Hacker News new | ask | show | jobs
by drchaim 2 days ago
Good stuff, although I’m not quite sure about the fast OLAP use case.

If you’re already sharding by tenant for other reasons, OK… But I see CDC to a true OLAP system as more scalable.

PostgreSQL still needs real columnar tables in the core, hopefully one day

3 comments

OLAP means different things to different people. For us, it's just making sure your admin dashboard keeps working basically:

  SELECT tenant_id, COUNT(clicks)
  FROM users
  GROUP BY tenant_id
  ORDER BY 2 DESC
  LIMIT 25;
Performance is a side effect - definitely needed and we'll do everything we can, but we are not competing with ClickHouse or Snowflake - just trying to make sharded Postgres work with your app.
Tomas Vondra, a major Postgres contributor recently revived a thread on using Bloom filters - https://www.postgresql.org/message-id/flat/5cd8c20c-14b5-4b0...
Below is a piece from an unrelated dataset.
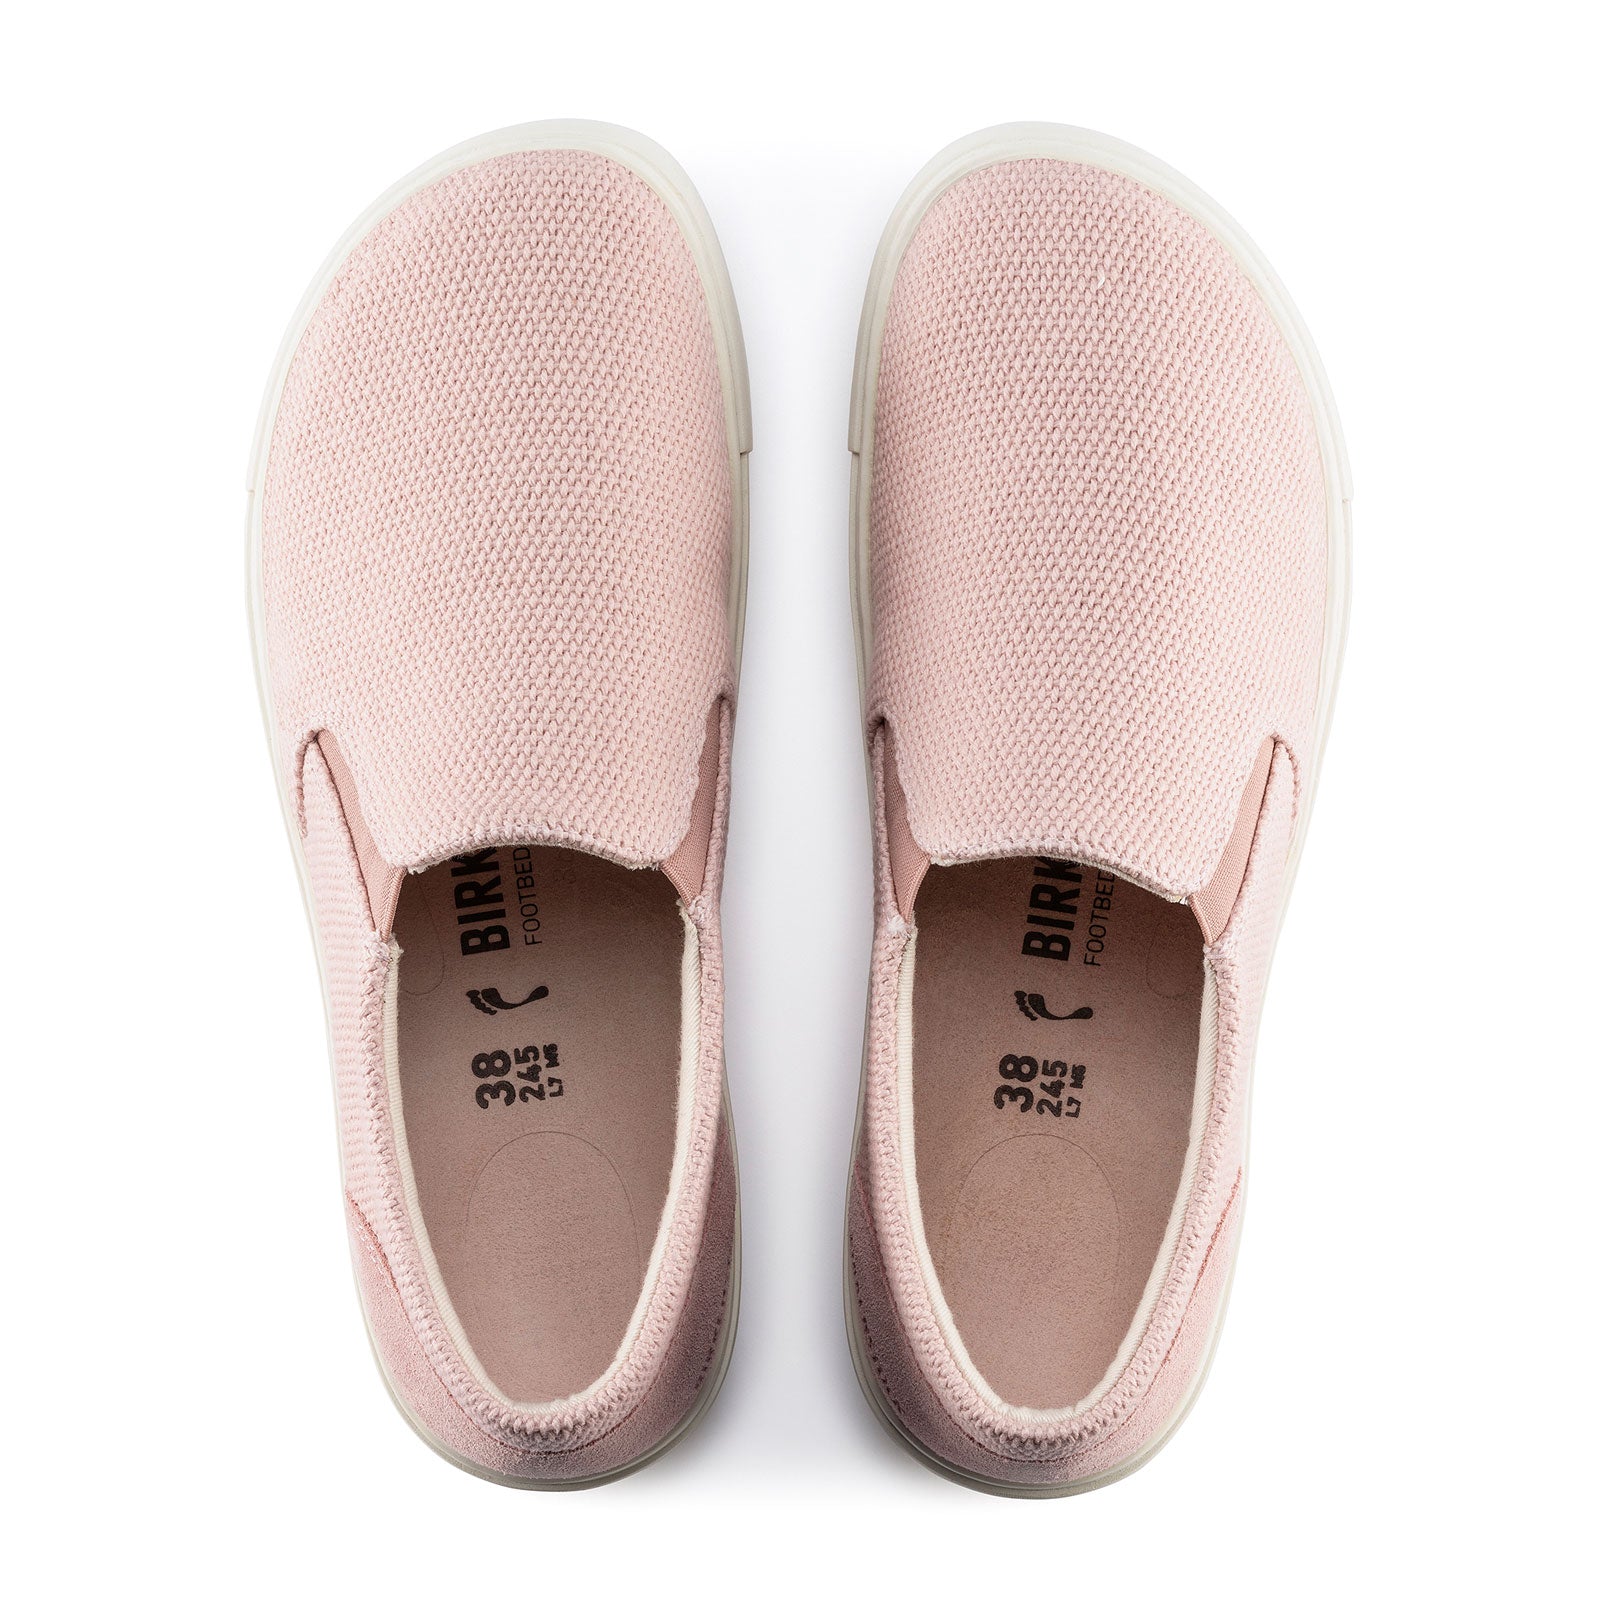 Birkenstock Oswego Narrow Slip On Sneaker (Women) - Soft Pink Canvas Dress-Casual - Slip Ons - The Heel Shoe Fitters

So there is more core work happening on support OLAP but I do think it will take some time.

In the meantime, I think we have all the pieces (storage, query engine, table format) to set up a true OLAP. For instance, I created https://github.com/viggy28/streambed to pressure test this idea.

Re OLAP: It's probably ~good enough~ for a lean team that's trying to keep the tech stack standard and/or doesn't have a dedicated data person to take advantage of a columnar store.